Day 1: Not that simple, really
RSS is the standard podcasts use for distribution. It stands for, among other things, “Really Simple Syndication”. I had a hunch going into this project that this wouldn’t be a super accurate name. An early survey backs that up.
The first thing I did was to update my code to print every tag (but not their properties etc) in a tree form. I hoped this would help me get my bearings in the format, and it did help.
// ---8<--- snip
let mut buf = Vec::new();
let mut depth = 0;
loop {
match reader.read_event_into(&mut buf) {
Ok(Event::Empty(tag)) => {
for _ in 0..depth { print!("\t") }
println!("{}", String::from_utf8_lossy(tag.name().0));
},
Ok(Event::Start(tag)) => {
for _ in 0..depth { print!("\t") }
println!("{}", String::from_utf8_lossy(tag.name().0));
depth += 1;
}
Ok(Event::End(_)) => {
depth -= 1;
}
Ok(Event::Eof) => break,
_ => (),
};
buf.clear();
}
// ---8<--- snip
This gave me the following output (when run with my hard-coded feed URL)
rss
channel
title
link
pubDate
lastBuildDate
ttl
language
copyright
webMaster
description
category
category
category
category
category
category
category
category
category
category
category
generator
docs
image
url
title
link
width
height
description
atom:link
itunes:new-feed-url
itunes:author
itunes:type
itunes:category
itunes:image
itunes:explicit
itunes:owner
itunes:email
itunes:name
itunes:subtitle
itunes:summary
media:copyright
media:thumbnail
media:category
podcast:guid
podcast:podping
podcast:locked
item
guid
title
pubDate
link
description
enclosure
itunes:title
itunes:subtitle
itunes:episodeType
itunes:duration
author
itunes:author
itunes:summary
itunes:image
media:content
podcast:transcript
content:encoded
item
guid
---8<--- snip
So, we do have a lot of itunes namespaced tags, as I suspected. But they mostly
seem to be metadata about the podcast, rather than something important like the
file itself. I know from previous work that the file URL is an attribute on enclosure.

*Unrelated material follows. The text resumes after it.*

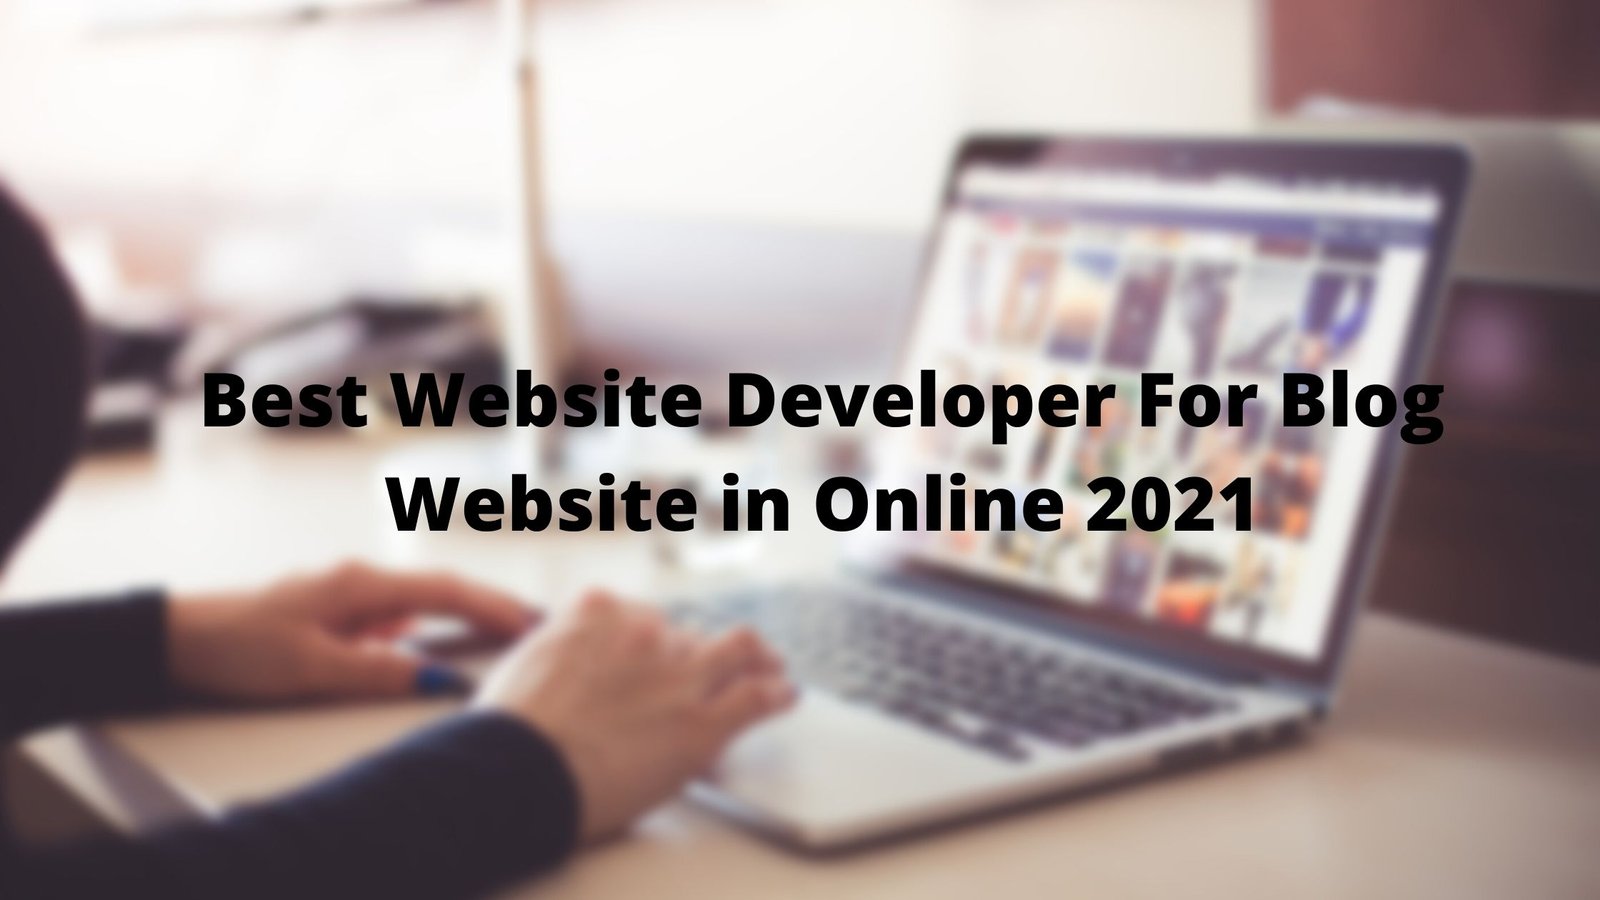 Top 7 Best Website Developer For Blog Website in Online 2021

From what I know about XML, it is supposed to be eXtensible, with different bodies defining
their own namespaces, all of which can live together in a single document. I suspect itunes
is one such namespace that Apple defined when integrating podcasts into iTunes (adding
things like images, descriptions, etc.).
Historical matters
Now to that great bastion of knowledge: Wikipedia! The Wikipedia page for RSS has a good overview of the format, and importantly, how it has evolved. I see that there are two family trees: the 1.x “RDF” branch, which sounds like it emerged from the broader semantic-web movement (fun!), and the 2.x “UserLand” branch, a supposedly simplified version initially advocated for by the author of a popular RSS reader. The RDF/1.0 branch is older (predictably), and apparently RSS originally stood for “RDF Site Summary”.
There’s an interesting story about accidental standards-capture (if that’s the term), where UserLand was so popular that its behaviour (eg. allowing HTML embeds) became a defacto standard. Reminds me of Mastodon, in a way. RSS and all.
Per a rather ancient survey, it sounds like the UserLand/2.x branch is more popular, but doesn’t fully dominate the landscape. I am also sympathetic to a lot of the semantic web’s goals, so I wouldn’t want to exclude it anyway. It was nice of them to keep off each others’ toes with the version numbers.
I also happen to know that Atom is a thing, supposedly an even simpler standard. The feed I’m
testing with contains exactly one tag in the atom namespace. Maybe it is just an additional schema
you can add to other RSS documents?
Well, that’s all the time I have today. Tomorrow, we read the specs! Or at least get a conceptual overview.